How universities can support mental health this World Mental Health Day

10 October 2018
Simon Blake

Simon Blake

Chief Executive
Mental Health First Aid (MHFA) England

Student mental health has a higher profile than ever before. For this year's World Mental Health Day (10th Oct) we are asked to think about young people's mental health in our ever-changing world. 

This theme couldn't be more apt for universities, as all students whether part time, full time, living away from home or moving to a new home are going through a major time of transition and change, and will be faced with exciting opportunities, and challenges - such as facing new academic and financial pressures and building new friendships and support networks.

Undoubtedly, these factors can impact a student's mental health at any point throughout their university experience. In fact, according to recent research by the Institute for Public Policy Research, in England, 19 per cent of 16-24-year-olds experience a mental health issue, up from 15 per cent in 2003. 

More and more student leaders and students' unions are making mental health a priority, and increasingly we hope that both institutions and students' unions will work strategically with specialist partners to establish a 'whole university approach' to mental health. Within this holistic approach, training must be one core component. 

We know that the average age of higher education students overlaps with the peak age of onset for mental health difficulties. But it's important to remember that mental health issues are an equally pressing issue for university staff. 66 per cent of academics with mental health issues say their ill health is directly related to their work.
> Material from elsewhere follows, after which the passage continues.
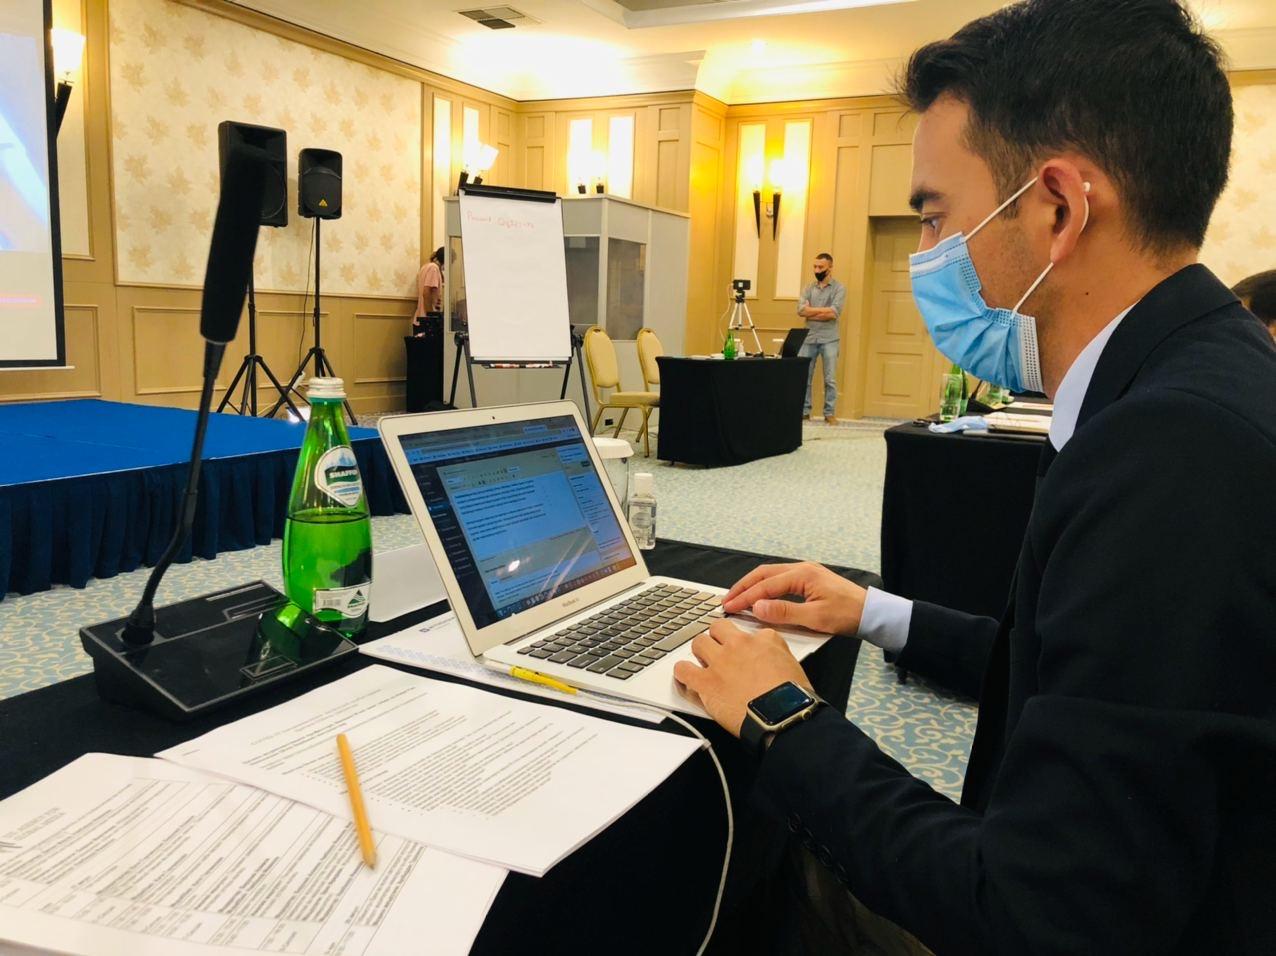 Uzbekistan: Best Practices of Business Reporting for Journalists

There is excellent guidance for universities in the Universities UK #stepchange report. This report sets out a compelling vision for creating a mentally healthy university. The forthcoming University Mental Health Charter will also help shine a light on best-practice. With growing information at the sector's fingertips, it is time all of our higher education institutions take action to improve their approach to mental health and build communities where staff and students can thrive.

To mark World Mental Health Day, MHFA England has created #HandsUp4HealthyMinds – a toolkit to help universities support students' mental health. This free set of resources is packed with infographics, gifs, videos, supports cards and even a quiz, with key information on youth mental health and practical tips on how to start a conversation. It also includes guidance for students on how to understand and manage stress and practice positive self-care. 
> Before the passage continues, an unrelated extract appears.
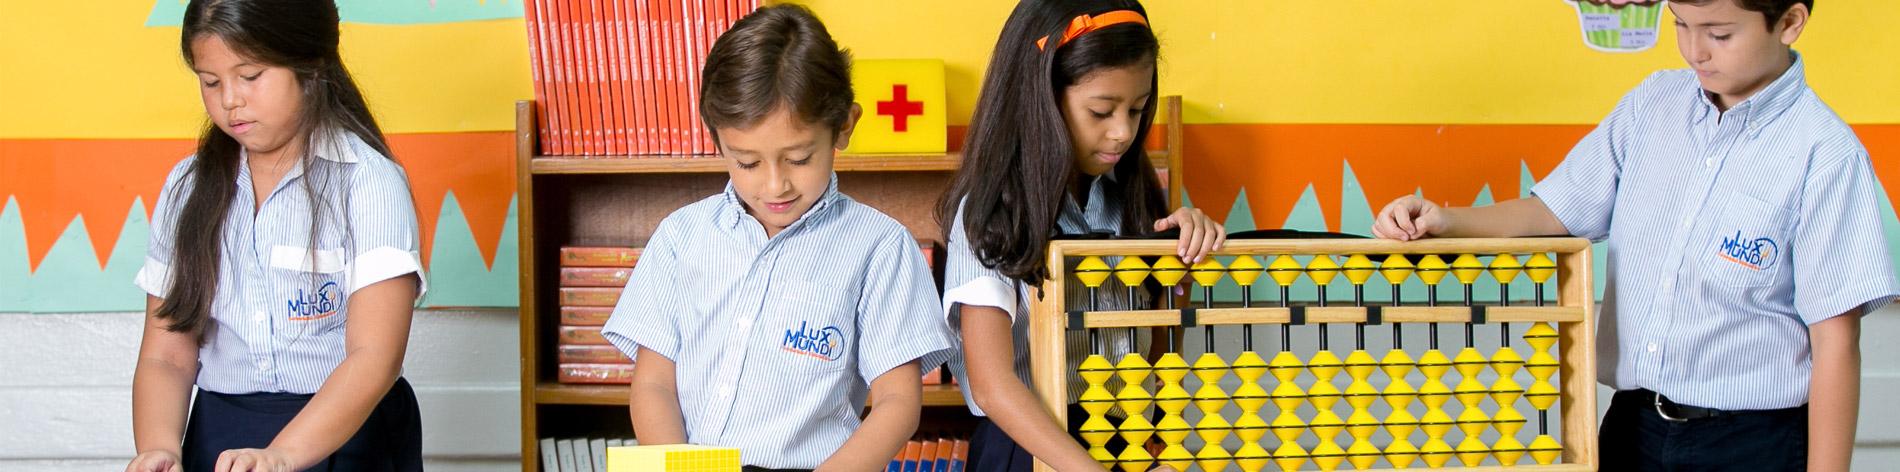 Propuesta Educativa LuxMundi

MHFA England has worked with Student Minds to develop Higher Education Mental Health First Aid – an evidence-based course designed to support a 'whole organisation' approach to mental health in universities. A number of universities such as Birmingham City University, King's College London, the University of SunderlandImperial College London and the University of York have implemented MHFA training as part of a holistic approach to addressing mental health as set out in 'Stepchange'. By introducing MHFA training, these institutions are working proactively to eliminate stigma and build cultures where staff and students feel able to talk about their mental health and access support as they need it. 

We will all agree that universities are in a powerful position to promote and support staff and students' mental health and to improve outcomes for a generation of young adults. So, as we mark World Mental Health Day, I urge every university to prioritise mental health for their staff and students; to be bold and brave and demonstrate the leadership required to support their community's mental health. 

We look forward to working further with Student Minds and Universities UK on this important journey. 

Download the #HandsUp4HealthyMinds toolkit and find out more about Higher Education MHFA training at:

Leave a Comment

Robert O'Hara
Robert O'Hara says:
11 October 2018 at 20:48

I read this article with interest after seeing John de Pury on BBC news about mental health in youngsters and in college / university students. I'd like to run an idea past yourselves on a book I published about stress and anxiety. I myself have had over a decade of mental health issues which came through a trauma which lead me to writing a book to allow people to walk away from issues using a unique technic. I think that this could be made into a handout which will each person to draw up a unique picture of there issues and walk away from them. I think it will also help the NHS. Would someone please talk to me to see if this idea would be usuefull. I am also now developing new ideas from having CBT that hints at 7 principles to review issues in life. I hope you do get back ad I really think it will help lots of people. Ps I'm not looking for money just to help others. Regards Robert O'Hara

Eoghan McHugh
Eoghan McHugh says:
16 October 2018 at 17:55

Great piece as a part of the conversation around mental health, issue awareness and creating an environment of support!